I'm working on this containerized API where in two steps (one asynchronous and one synchronous) the user can interact with the output generated by the first step trough a front-end service.
I wasn't entirely sure if I should post it here or on SO but since the question is more so about the design rather than the implementation I decided to post it here, let me know if you think it's more suitable for SO.
The flow looks as follows:
- The user has requested to do some asynchronous job for which it received an unique identifier.
The job produces a model that the user wants to test:
They send a POST request to a front-end service with the unique identifier and custom data (json) with which they want to test the model with.
The front-end service starts a Kubernetes Job.
The job's Init Container requests the model.
The job's main container loads the model.
The front-end service somehow sends a compute request with the user-supplied json to the job's main container.
The job's main container performs a computation with the model and data. The response is passed on to the user via the front-end service.
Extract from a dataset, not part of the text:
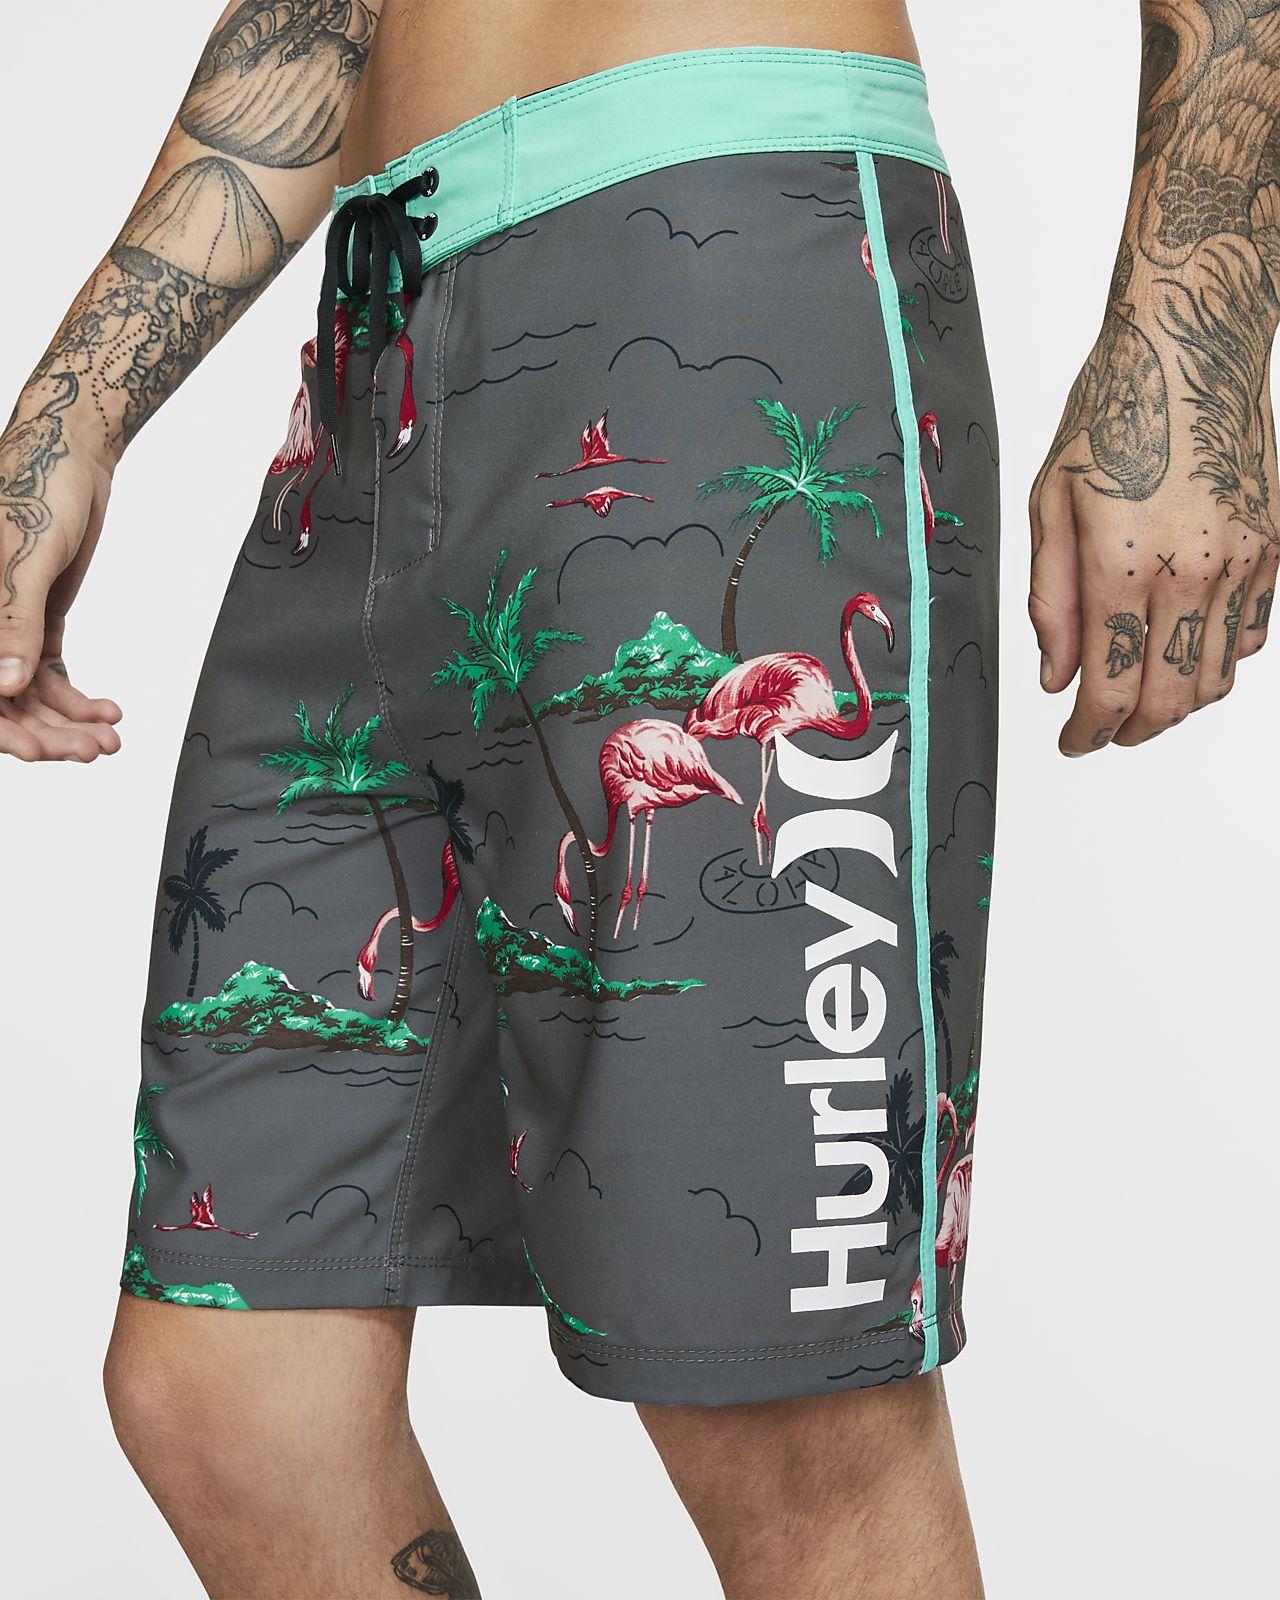 Calções de banho de 51 cm Hurley Flamingo para homem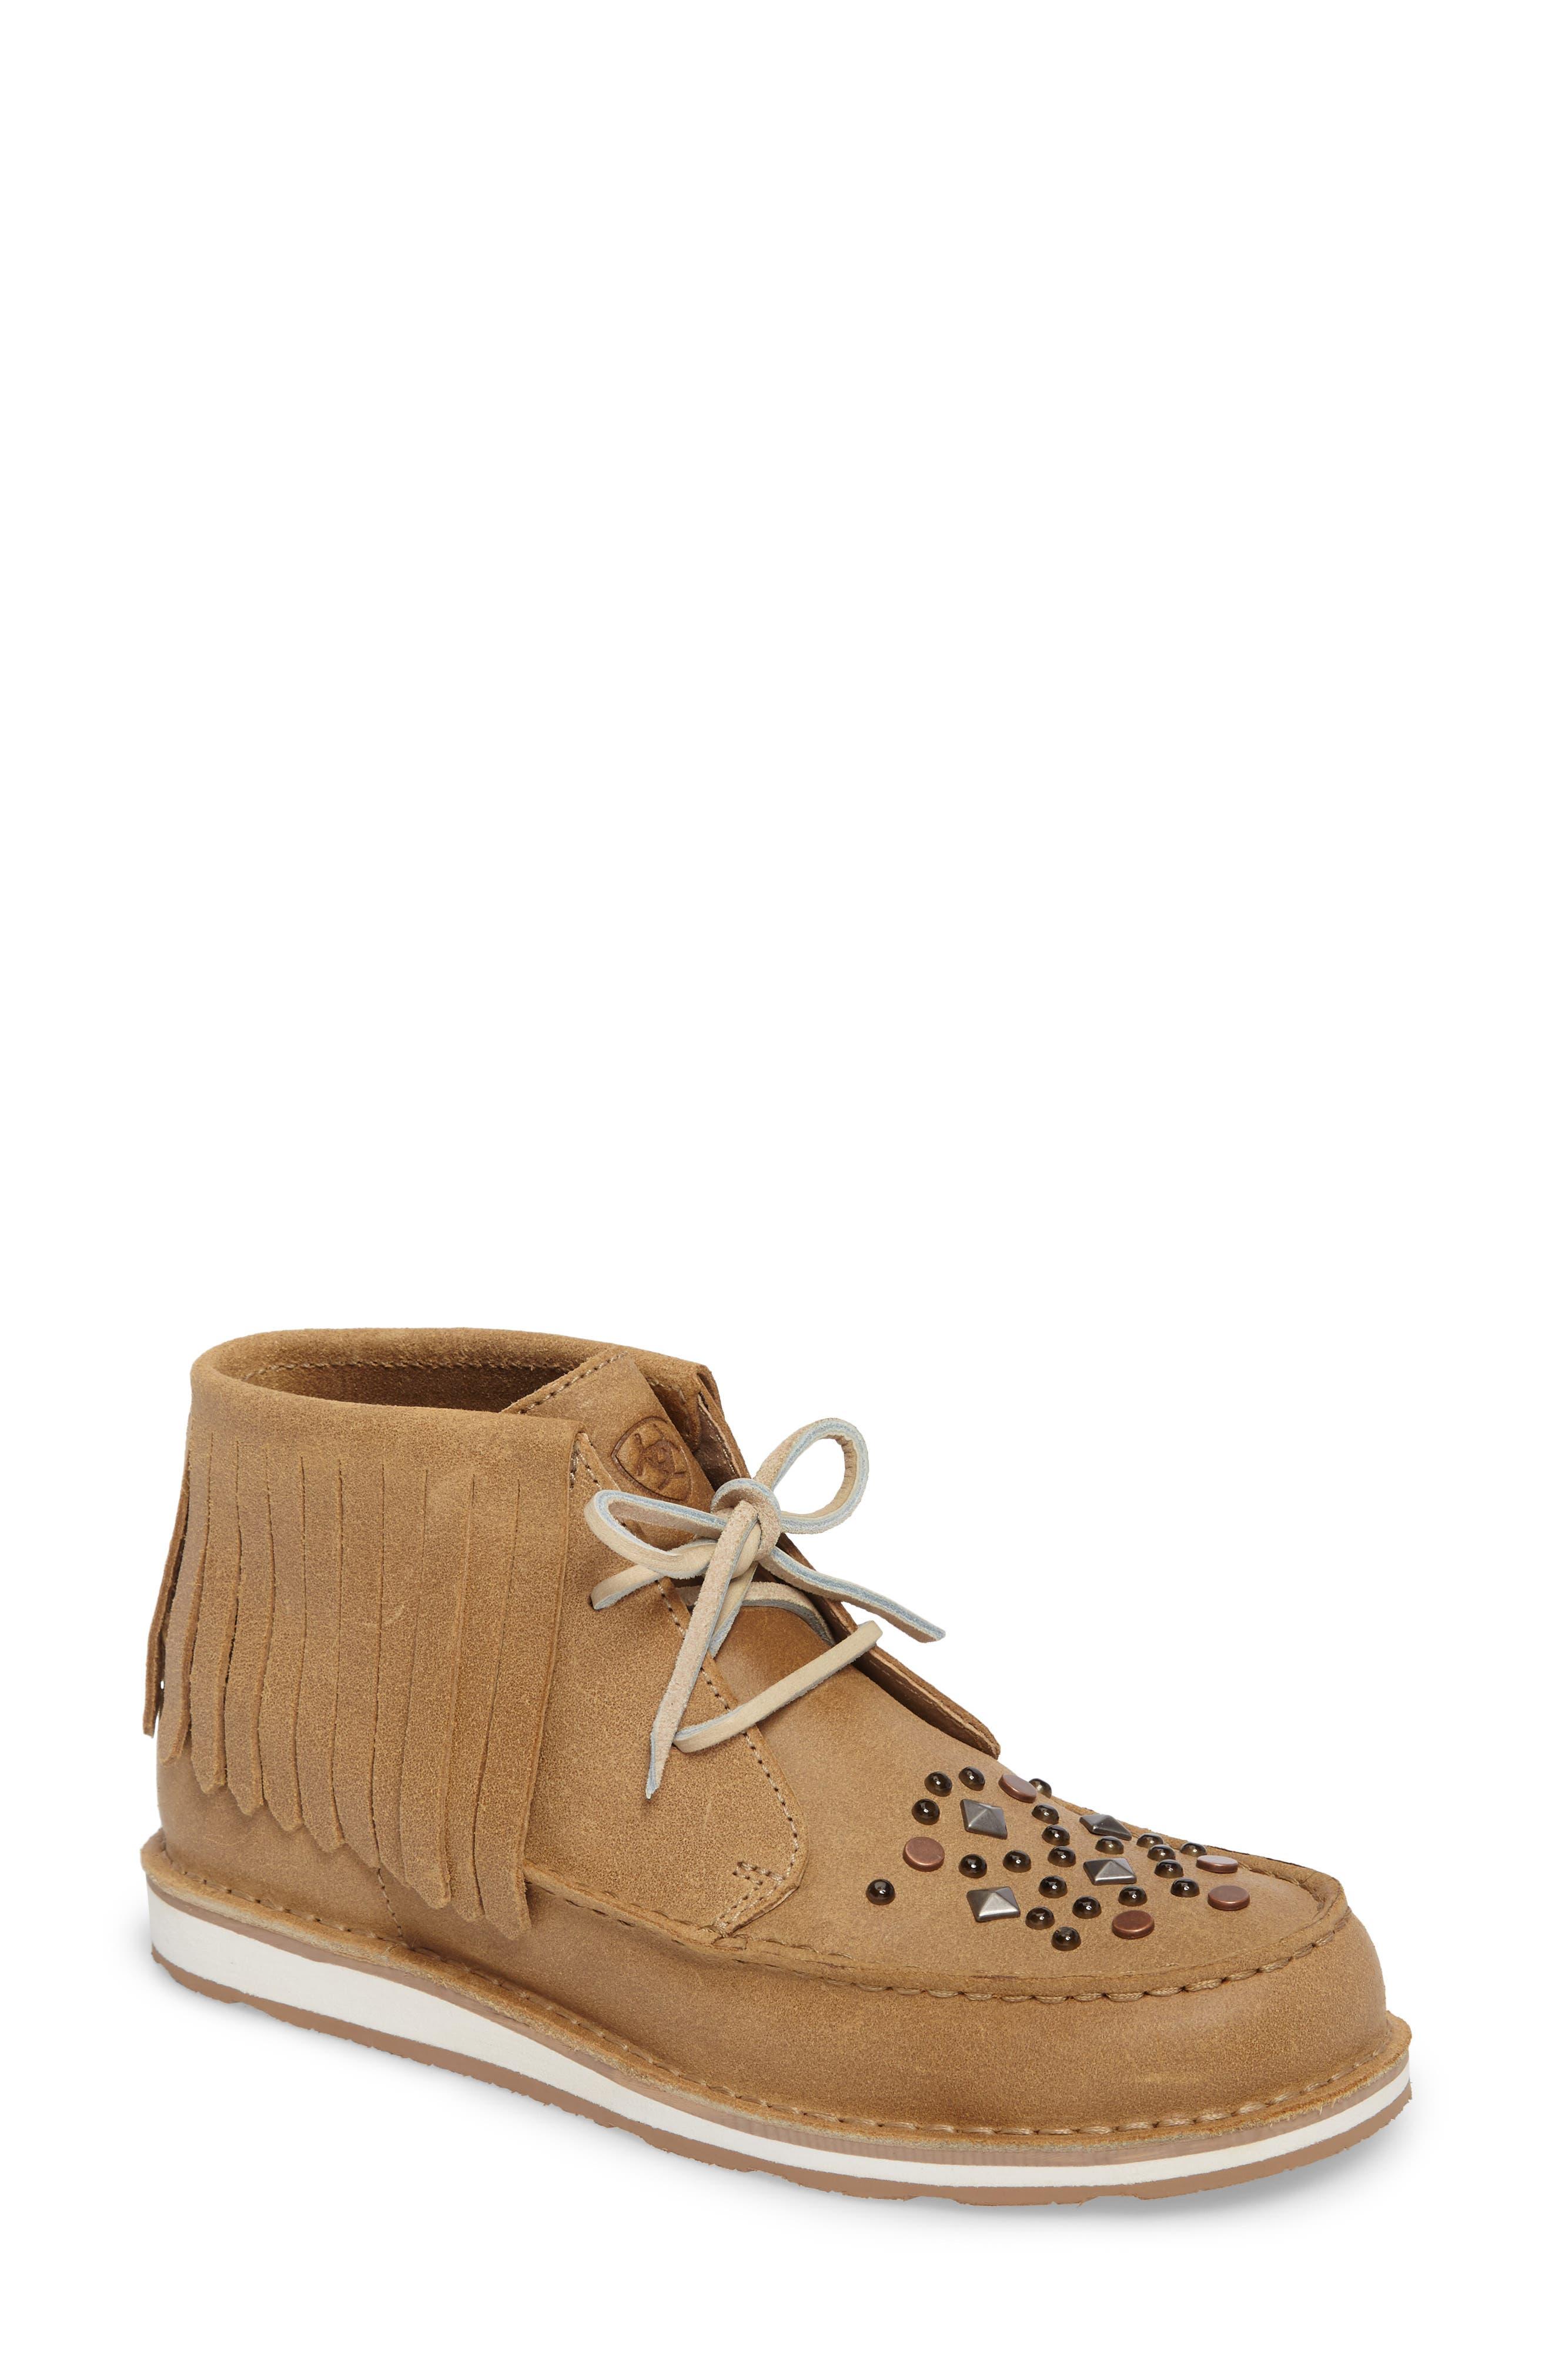 Ariat Cruiser Fringe Chukka Boot (Women)

The pod stays up for some time so that when similar requests for the same model are receive it doesn't have to spin up new pods every time.
After some time the pod shuts down, finishing the job.
I'm having trouble with step 6 (and by extension step 8). As far as I know, pods created by a job can't be connected by a service. And even if that's possible, multiple requests for different models can occur concurrently, so the service has to be able to dynamically differentiate the pods.
The first iteration of this project was to let the back-end container being able to dynamically load new models, but after review it was decided that this was not desirable so now in order to load a new model the container has to be restarted where the Init Container retrieves the correct data.
My first thought was to let the back-end job send a request to retrieve the data but that creates several problems:
1. The front-end service has to store the request json in a database even though it's read only once because the back-end request can be routed to a different front-end pod.
2. How would the job know to request new data? (step 8)
3. How are the results sent to the user?
The second thought was to forgo step 8 and 9 and let the job run to completion and let the front-end read the job status and after it's finished read the logs. At least, that's how to example in the Job documentation does it. This would mean that the job logs must be reserved for output though, which seems like bad design.
We can build upon this though and in stead of writing to the logs, write to the database. This shares the problem 1 of my first idea in the sense that the database will contain read-once data, but so far this seems to be the only workable solution.
What is your thought? Is this the way to go, or do you perhaps have an entirely different way to encapsulate this behavior?